Already I’m sure you’ve heard of the prediction that cars intelligent enough to drive themselves will lay waste to professions that involve human drivers. But the knock-on effects will be even greater. The insurance industry, car-parking providers, car manufacturers, leasing companies… all will change. And what will drivers do when they no longer drive? The rise of in-car entertainment and lifestyle options will surely follow.

Driving is just one part of our ‘work’ that autonomous systems will affect. Science-fiction writers like Iain M. Banks talk about a post-scarcity future where lives are driven by the pursuit of purpose rather than work or money. Will that be the end result of our smarter machines? In Banks’ future, even government has been replaced by AI.

Artificial intelligence is a very broad topic. It covers everything from smart sensors and fully unmanned cars through to complex intelligences we can’t yet create – but to which we can already see a potential path.

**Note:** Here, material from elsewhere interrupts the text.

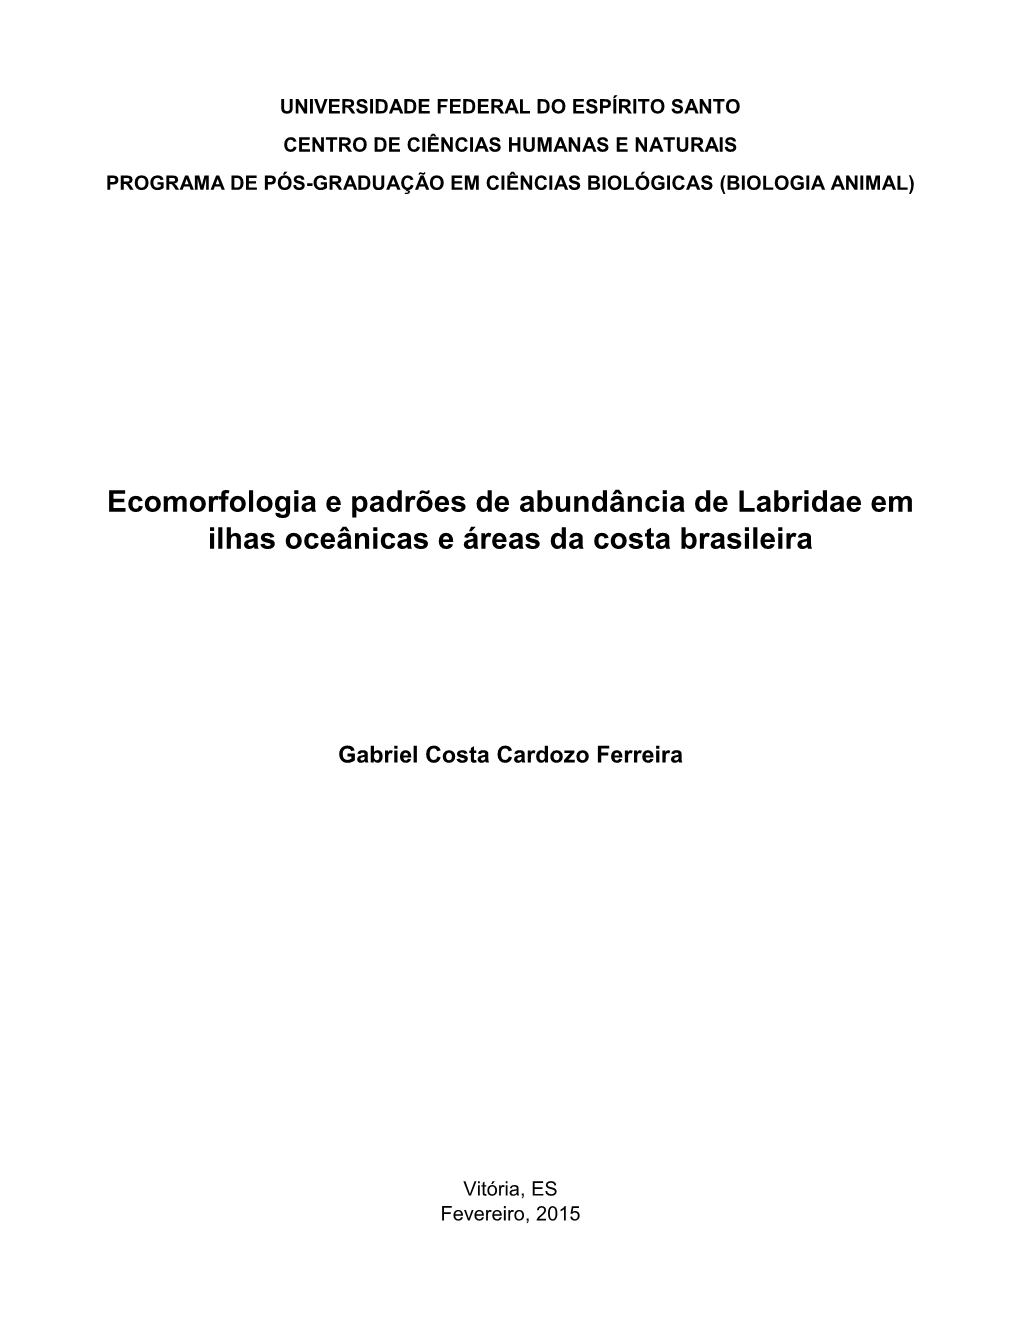 Ecomorfologia E Padrões De Abundância De Labridae Em Ilhas Oceânicas E Áreas Da Costa Brasileira

Consider AI as being a set of component technologies: machine learning, deep learning, CNN etc. But whatever you call them, they add up to smarter machines, with that smartness residing to some extent in local devices like cameras, consumer products or robots, and to some extent in the cloud, depending on the application. Whether it’s platooning, crowdsourced parking, smart things, Massive Machine Type Communications, IoT, SLAM and more – AI is a component today and will be more so tomorrow.

Welcome to the machine

Today, we can easily talk to a machine and expect intelligent, albeit not Turing-test passing, answers. Voice-controlled “things” are now part and parcel of the everyday, bringing added convenience and increased productivity. By combining three technologies – IoT, AI and 5G, the transformed smart “things” can enable an experience which just a few years ago was the preserve of science-fiction.

Our devices will start to experience us – understanding where we are, what we are saying, what we actually want even when we express it imperfectly…

AI is real: machines can now drive like us, play games like us and see like us. But this isn’t necessarily like the dark future we see in the TV show Westworld; this is about how to make our day to day lives better.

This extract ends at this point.